» **Work order**
Return the data below unchanged, without images.
Top of Data section
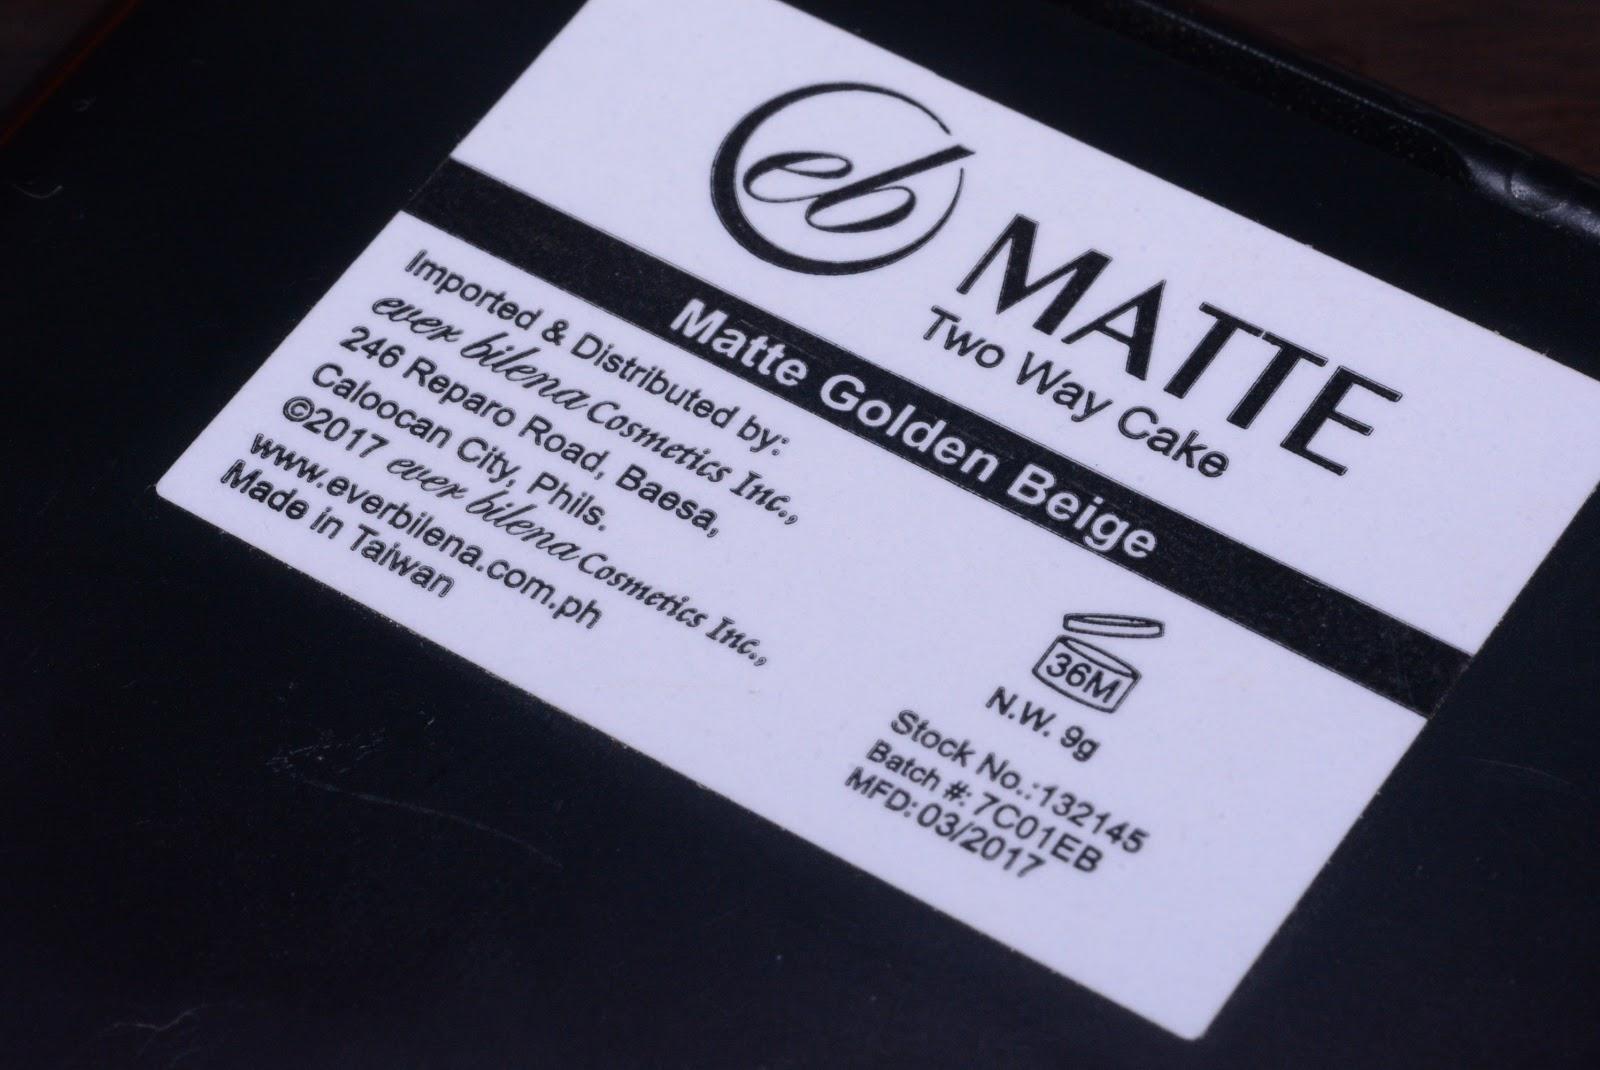 REVIEW: Ever Bilena Matte Two Way Cake in Golden Beige
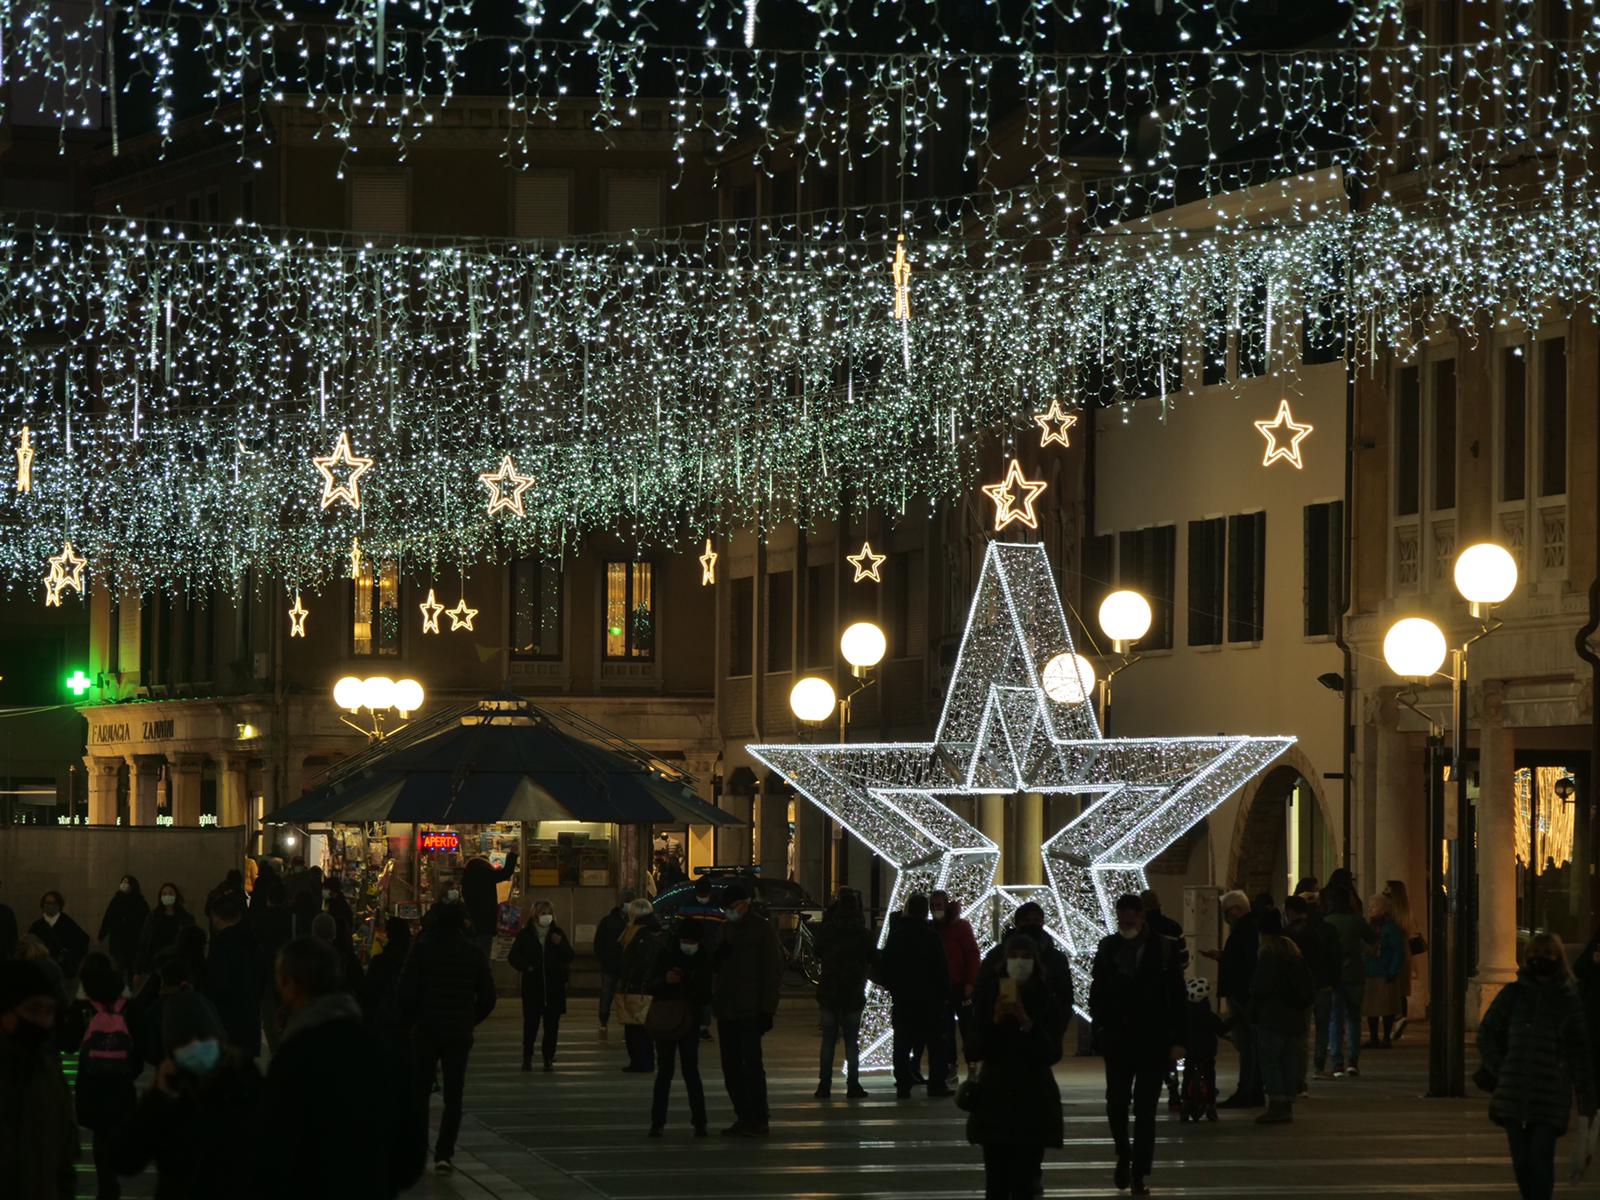 luci natale a venezia
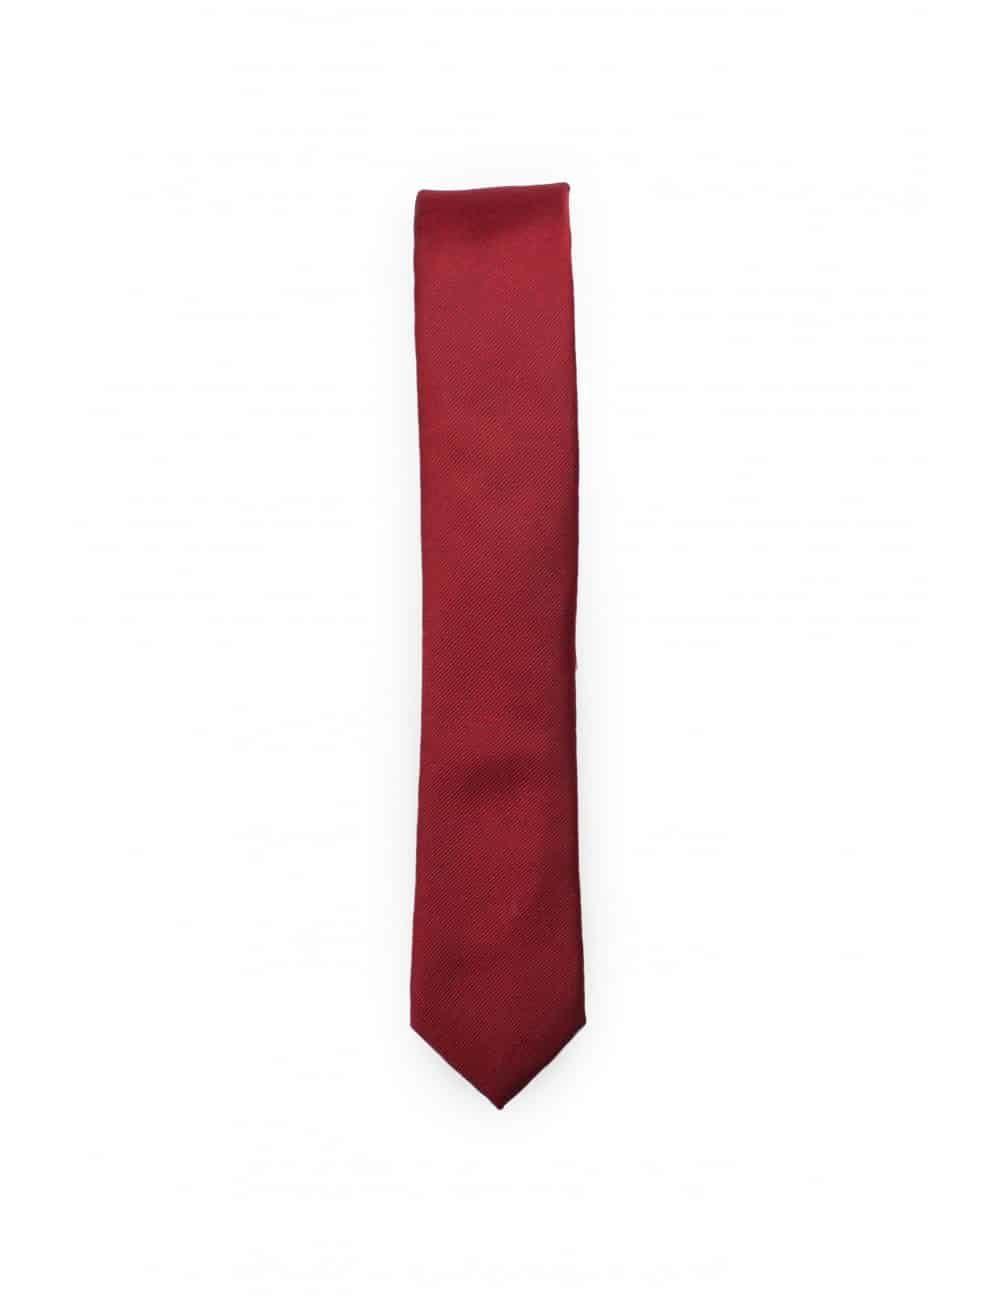 Solid Chilli Pepper Woven Necktie NT18.7
Bottom of Data section
» **Task solution**
 REVIEW: Ever Bilena Matte Two Way Cake in Golden Beige
 luci natale a venezia
 Solid Chilli Pepper Woven Necktie NT18.7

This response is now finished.